According to Insight Beating monitoring, Google has deployed a Multi-Token Prediction (MTP) architecture in the Pixel 9 and Pixel 10 series devices, directly accelerating the onboard Gemini Nano v3 model. By attaching a lightweight Transformer prediction head to the frozen main model's tail, the new architecture has increased on-device inference speed by over 50% while fully retaining the original security alignment and output quality.
Traditional greedy decoding requires running a separate draft model to predict candidate tokens. This not only consumes additional phone runtime memory but also limits prediction accuracy as the standalone model cannot access the main model's internal hidden state. The new architecture, by embedding an MTP head at the frozen main model's tail, successfully reuses the main model's computed feature activations, significantly improving the prediction accuracy of candidate tokens.

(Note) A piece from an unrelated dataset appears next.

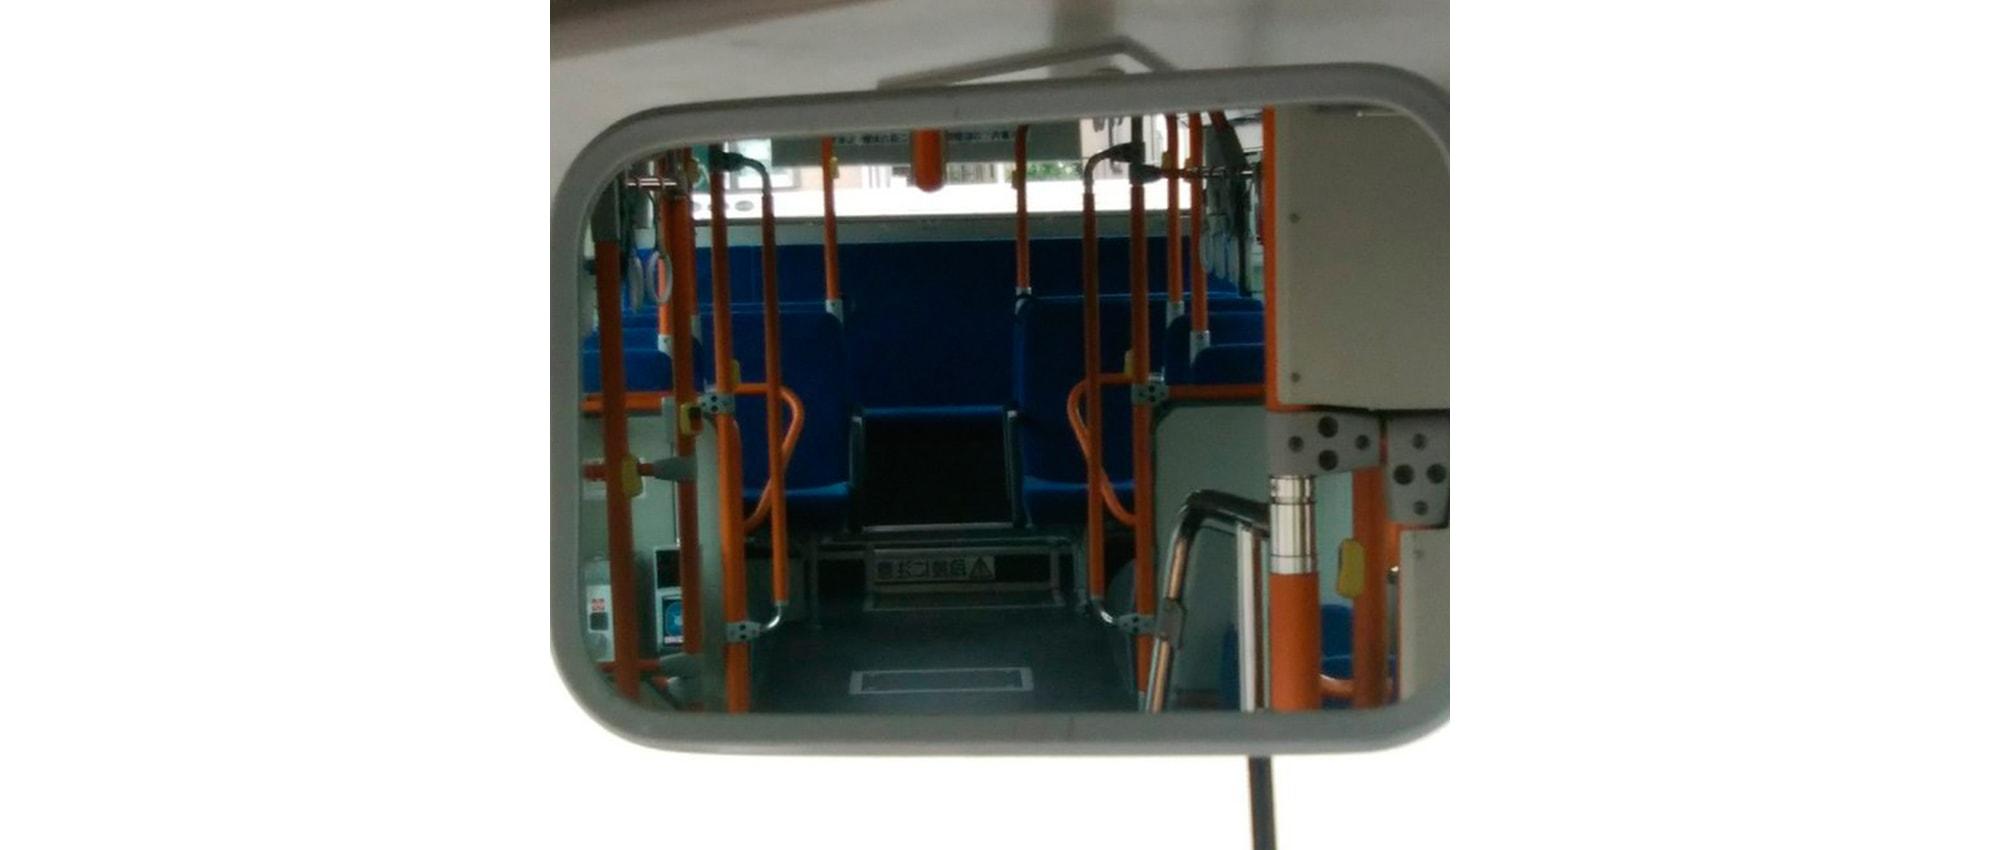 Водитель рассказал, на какое место в Японских автобусах лучше не садится женщинам в юбках

To avoid duplicate runtime memory overhead during autoregressive generation from draft computations, Google designed a zero-copy mechanism. In the traditional approach, the draft model needs to maintain an independent key-value cache memory when generating candidate words, whereas the zero-copy mechanism allows the attached prediction head to directly read the existing cache of the main model through cross-attention. This not only eliminates the startup delay of draft prediction but also saves the phone approximately 130MB of runtime memory space.
In Pixel's actual business scenarios such as notification summaries and text proofing, the MTP architecture enables the model to successfully predict nearly 2 extra tokens on average during a single inference, reducing the frequency of wake-ups for the main processor due to validation checks, thus saving system power. In highly structured text generation tasks like smart replies, the Token acceptance rate has improved by 55%.